** Opening Task material block **

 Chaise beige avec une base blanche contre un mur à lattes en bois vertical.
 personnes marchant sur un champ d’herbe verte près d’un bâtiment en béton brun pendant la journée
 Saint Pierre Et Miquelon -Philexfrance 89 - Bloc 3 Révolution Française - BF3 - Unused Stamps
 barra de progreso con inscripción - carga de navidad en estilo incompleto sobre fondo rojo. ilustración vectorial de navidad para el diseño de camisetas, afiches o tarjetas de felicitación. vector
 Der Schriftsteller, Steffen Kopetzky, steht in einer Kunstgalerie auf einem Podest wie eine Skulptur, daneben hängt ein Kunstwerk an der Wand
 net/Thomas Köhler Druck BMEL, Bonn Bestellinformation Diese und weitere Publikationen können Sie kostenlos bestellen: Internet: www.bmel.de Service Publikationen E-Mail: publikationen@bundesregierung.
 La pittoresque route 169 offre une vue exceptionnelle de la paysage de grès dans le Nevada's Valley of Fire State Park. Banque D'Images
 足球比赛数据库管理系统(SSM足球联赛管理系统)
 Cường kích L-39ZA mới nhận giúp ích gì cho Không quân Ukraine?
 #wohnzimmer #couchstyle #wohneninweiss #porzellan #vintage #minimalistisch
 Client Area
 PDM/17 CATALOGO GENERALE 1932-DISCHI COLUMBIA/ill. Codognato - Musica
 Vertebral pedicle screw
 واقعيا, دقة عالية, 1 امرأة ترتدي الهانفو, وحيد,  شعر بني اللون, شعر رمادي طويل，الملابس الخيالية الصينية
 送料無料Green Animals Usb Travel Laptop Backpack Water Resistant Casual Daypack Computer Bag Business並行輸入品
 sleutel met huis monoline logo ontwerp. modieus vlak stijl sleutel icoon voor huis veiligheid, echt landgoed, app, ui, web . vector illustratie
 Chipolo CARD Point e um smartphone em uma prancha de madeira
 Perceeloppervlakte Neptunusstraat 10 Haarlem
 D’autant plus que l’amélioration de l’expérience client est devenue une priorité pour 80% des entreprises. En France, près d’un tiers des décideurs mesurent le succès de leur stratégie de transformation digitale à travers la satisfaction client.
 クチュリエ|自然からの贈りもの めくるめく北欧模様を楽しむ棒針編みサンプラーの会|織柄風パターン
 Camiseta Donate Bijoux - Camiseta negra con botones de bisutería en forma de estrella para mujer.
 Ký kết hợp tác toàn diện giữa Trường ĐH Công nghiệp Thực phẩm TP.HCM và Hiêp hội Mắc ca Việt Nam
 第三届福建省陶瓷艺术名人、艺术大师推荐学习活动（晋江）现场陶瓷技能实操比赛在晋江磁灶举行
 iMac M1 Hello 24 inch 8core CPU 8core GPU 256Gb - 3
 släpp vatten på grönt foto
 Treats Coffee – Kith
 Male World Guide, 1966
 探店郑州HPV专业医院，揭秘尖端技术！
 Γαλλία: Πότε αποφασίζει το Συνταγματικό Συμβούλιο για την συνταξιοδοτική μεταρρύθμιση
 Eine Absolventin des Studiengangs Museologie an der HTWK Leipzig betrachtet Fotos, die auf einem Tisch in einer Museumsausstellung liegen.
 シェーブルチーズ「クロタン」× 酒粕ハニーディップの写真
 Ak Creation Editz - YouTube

** Closing Task material block **

Go line by line through the data, copying each one that contains the word "vector".

- **Solution to this problem**:
 barra de progreso con inscripción - carga de navidad en estilo incompleto sobre fondo rojo. ilustración vectorial de navidad para el diseño de camisetas, afiches o tarjetas de felicitación. vector
 sleutel met huis monoline logo ontwerp. modieus vlak stijl sleutel icoon voor huis veiligheid, echt landgoed, app, ui, web . vector illustratie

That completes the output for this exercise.